Environmental & qualification notes
Point: confirm regulatory and process compatibility before volume assembly. Evidence: check for RoHS compliance, reflow thermal limits, and manufacturer qualification levels in the official datasheet. Explanation: unshielded parts may be sensitive to aggressive cleaning agents and handling; follow controlled reflow profiles, avoid excessive wash temperatures, and request solderability and thermal-cycle test data when qualification is required for automotive or harsh environments.

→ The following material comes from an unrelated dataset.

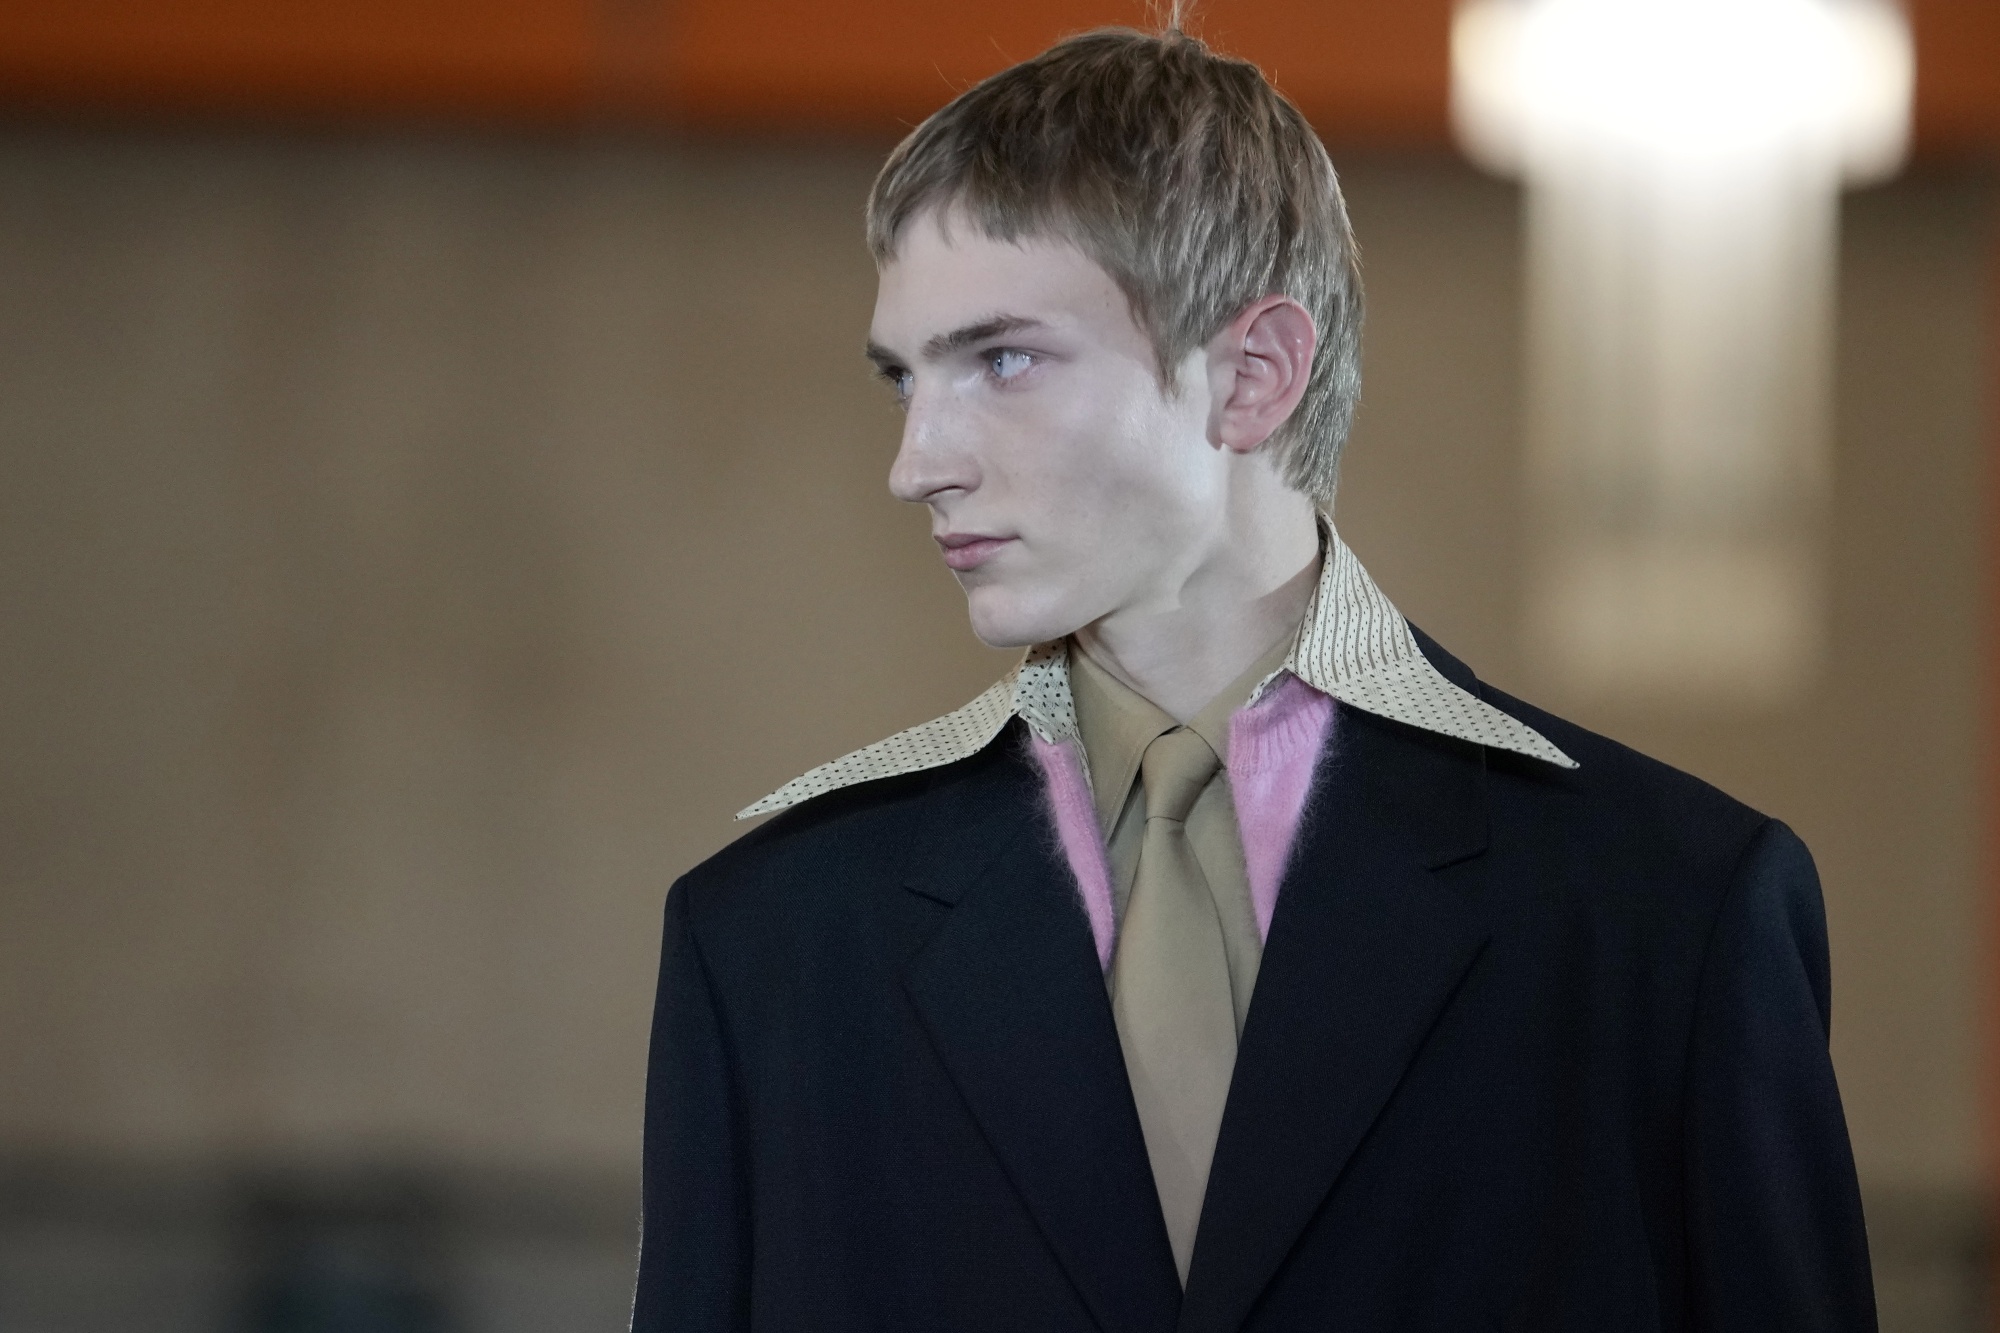 Taking Care” 🌷For Fall 2023, @prada reexamined the notion of uniform  dressing, offering beautifully crafted clothes that blur the

Design & integration checklist
PCB layout, placement, and EMI mitigation
Point: layout drives observed EMI and efficiency. Evidence: proximity of input capacitors to the inductor reduces loop area and lowers EMI emissions. Explanation: place low-ESR input caps close to the switching node, minimize high-current loop area, use multiple vias to reduce trace inductance, and reserve clearance for heat dissipation; add common-mode or shielded elements if conducted emissions persist with the unshielded drum-core part.
Summary (actionable wrap-up)
Critical takeaways: 15 µH, 1.93 A, 90 mΩ DCR, −40 to 125 °C define the component’s thermal and electrical boundaries; apply conservative derating and verify L(f) and saturation behavior in your board context.
- Confirm nominal 15 µH and ±20% tolerance with installed L(f) measurement to avoid unexpected filter corner shifts.
- Budget for I²R loss using 90 mΩ DCR and target continuous current at 70–80% of 1.93 A to control temperature rise.
- Use a standardized bench protocol (L vs frequency, ΔL% under DC bias) to compare alternatives before procurement.
Common questions
Answer: The key specs are 15 µH inductance, ±20% tolerance, 1.93 A rated current, 90 mΩ max DCR, and −40 to 125 °C temperature range. For DC–DC input filters prioritize DCR and saturation behavior.
Answer: Expect inductance reduction as DC bias approaches saturation and increased I²R loss. Apply conservative derating (70–80% continuous) to manage thermal runaway.